Skrocki, left, with flowers, takes a bow with Carl St.Clair and the orchestra in Beijing.

Having already made her solo debut with the Los Angeles Philharmonic and practicing the violin for six hours a day, Skrocki landed a spot in Jascha Heifetz’s legendary master classes at USC when she was just 16.

Although Heifetz was known for a strict teaching style and she had to prepare a tremendous amount of repertoire for the bi-weekly meetings, Skrocki called Heifetz’s classes a magical experience. In fact, she recalled one of her favorite memories was when he asked her to accompany him on the piano on a piece she had never heard before.

“I thought, ‘OK, I may not get all the notes but he is not going to lose me,’ and he didn’t,” she said. “It was a very proud moment for me and I can say I accompanied Jascha Heifetz on the piano.”

Despite having a music career that was taking off and accomplishing her dream of working with Heifetz, she ultimately decided to quit the violin at 18. Skrocki was having what she described as an “identity crisis.”

“I thought, ‘I’m not too sure if this is really what I want to do for my whole life.’ And being so young and not having done anything else, I decided the way to find out was actually to quit the violin and go find other things to do,” she said.

Since she was not going to be in music, Skrocki said she needed to obtain a degree.

As a little girl she recalled flying to Ventura to eat breakfast with her father on the weekends.  He worked on aircraft engines as a mechanical engineer. Though unsure of what to major in at first, she eventually decided to pursue a degree in aeronautical engineering at Cal Poly San Luis Obispo.

“I liked math, I liked physics and I loved flying and airplanes,” she said. “That’s exactly how it happened.”

After four years of study, Skrocki received her degree and went on to work on wind tunnel testing as an aerodynamic engineer at the small San Diego company Teledyne-Ryan Aeronautical.

“I loved it,” she said. “I got to travel all over the country, testing models, presenting data, it was fun.”

After working with Teledyne-Ryan Aeronautical Company for three years, she moved to Mozambique.  For two years she helped aid in food lifts with her husband. When their term ended in Mozambique, they eventually returned to Redlands, where Skrocki would become the artist in residence and concertmaster for the Redlands Symphony in the following years.

While attending a concert of a close friend, Roger Wilkie, the concertmaster of the Long Beach Symphony, Skrocki met Dana Freeman, a violinist in Pacific Symphony.

In what Skrocki described as another “crossroad” in her life, Freeman convinced her to audition for Pacific Symphony. She spent a year in the fourteenth chair, then won the position as the assistant concertmaster.

She went on to work in Hollywood studio orchestras and became the first on call for film composer John Williams. During her career as a studio musician she recorded hundreds of films, sharing the same stand with her childhood friend Wilkie, including in “Indiana Jones and the Kingdom of the Crystal Skull,” one of her biggest highlights.

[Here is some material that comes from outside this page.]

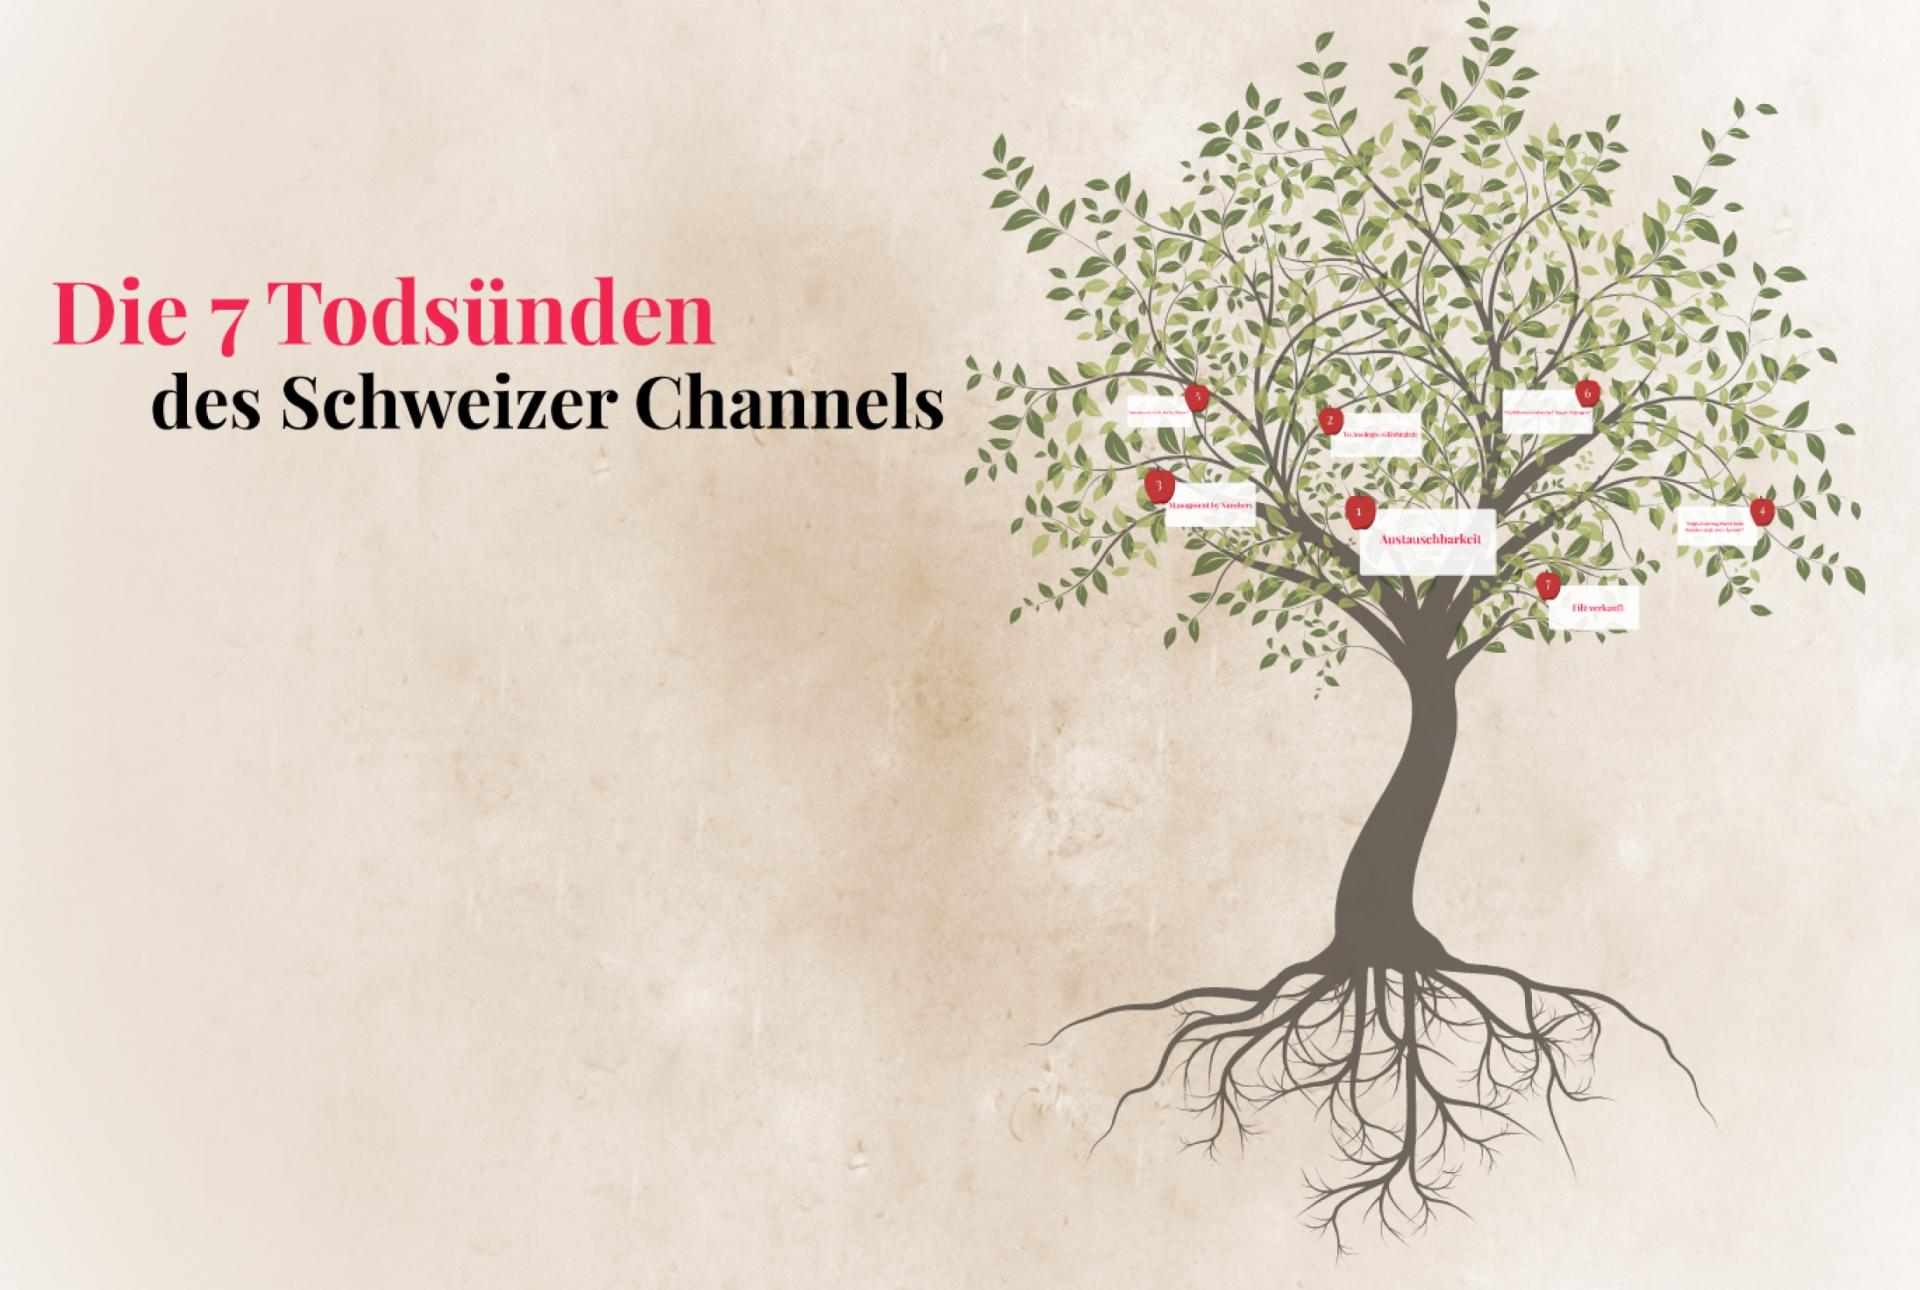 7 Todsuenden-channel

She remembered coming in one Monday morning while recording the soundtrack for that film and instead seeing the original score to ‘Raiders of the Lost Ark’ on her stand. Skrocki learned that she and the rest of the orchestra would be re-recording it with the local musicians, replacing the original London Symphony.

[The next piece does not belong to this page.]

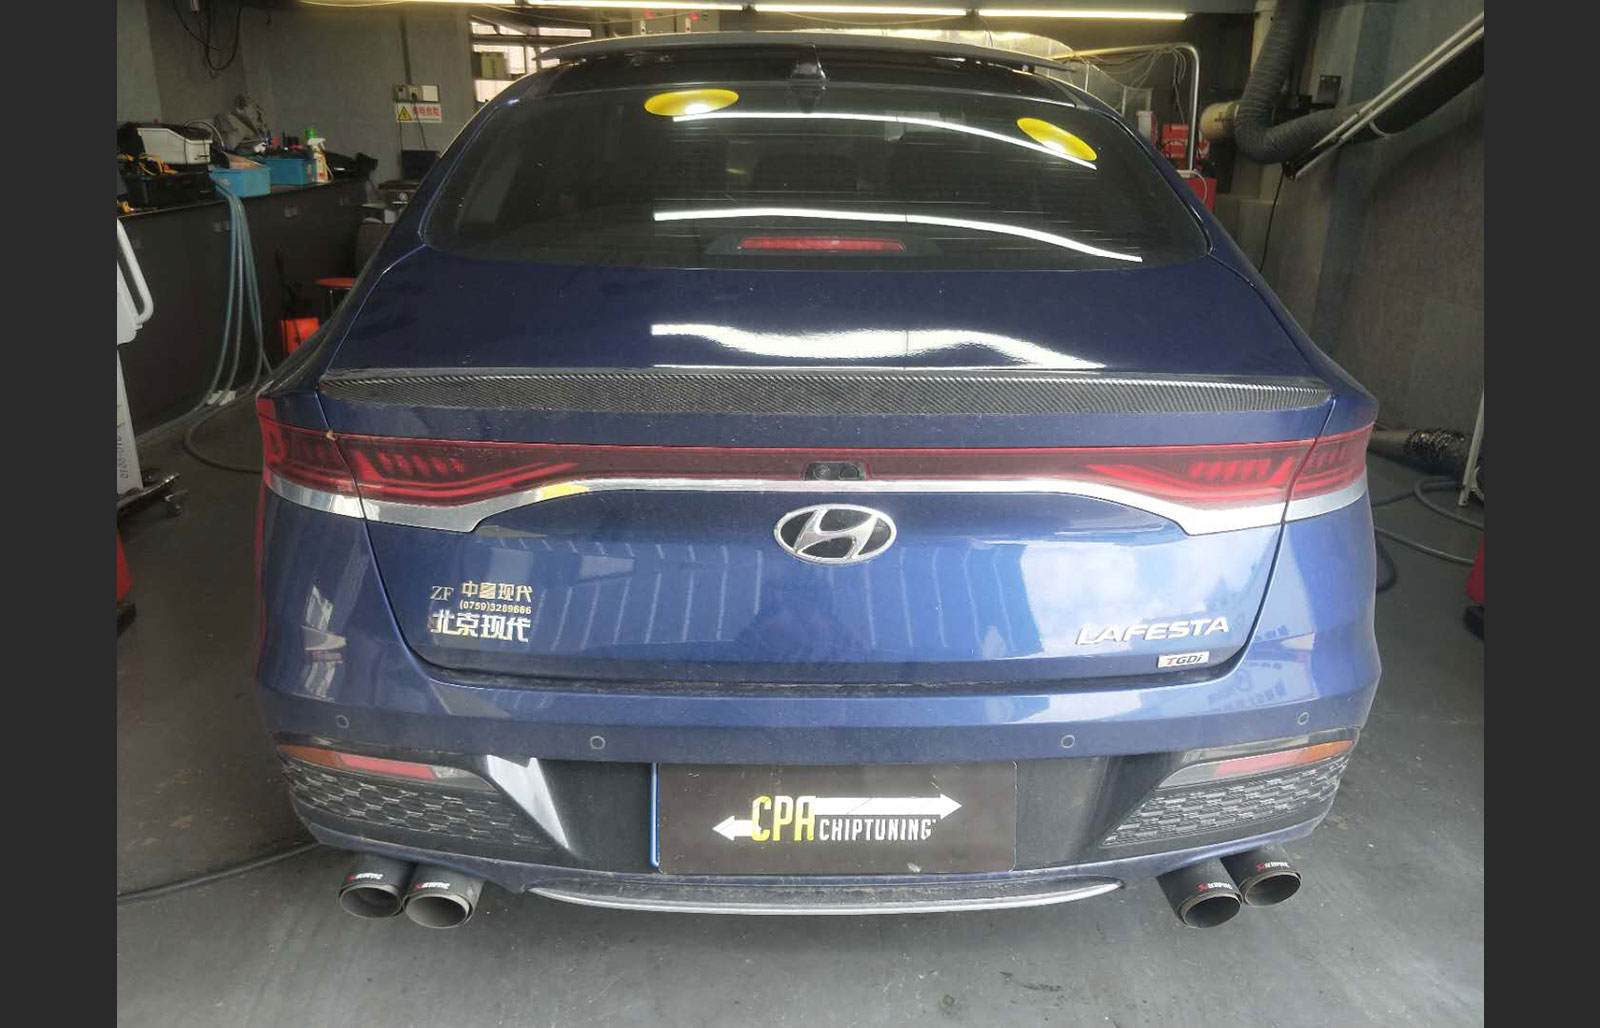 Hyundai Lafesta 1.6T chiptuning

“They were recording it so that it would be by us here in L.A. along with all the rest of the music (from ‘Crystal Skull’) being from L.A.,” she said. These days, chances are when you hear the original “Raiders” march, Skrocki’s playing it.

Skrocki would also work on the Grammy and Emmy Awards and the Jay Leno show. Aside from her Hollywood career, she successfully went on to work with the California Quartet and landed another concertmaster position with the Opera Pacific Orchestra for 12 years.

After resigning from her teaching role at the University of Redlands this past year and deciding to leave the Hollywood music studios, Skrocki said it has given her more time to focus on Pacific Symphony and to work towards her next goal of becoming a public speaker for music.

“I’ve spent a wild ride of a career in many different fields at this point,” she said. “Music really is important and I’m worried that we’re losing that and so I would like to be a part of saving that in some way. I would like to have the opportunity to go around and play for people and speak to them about the value of music and why it is important.”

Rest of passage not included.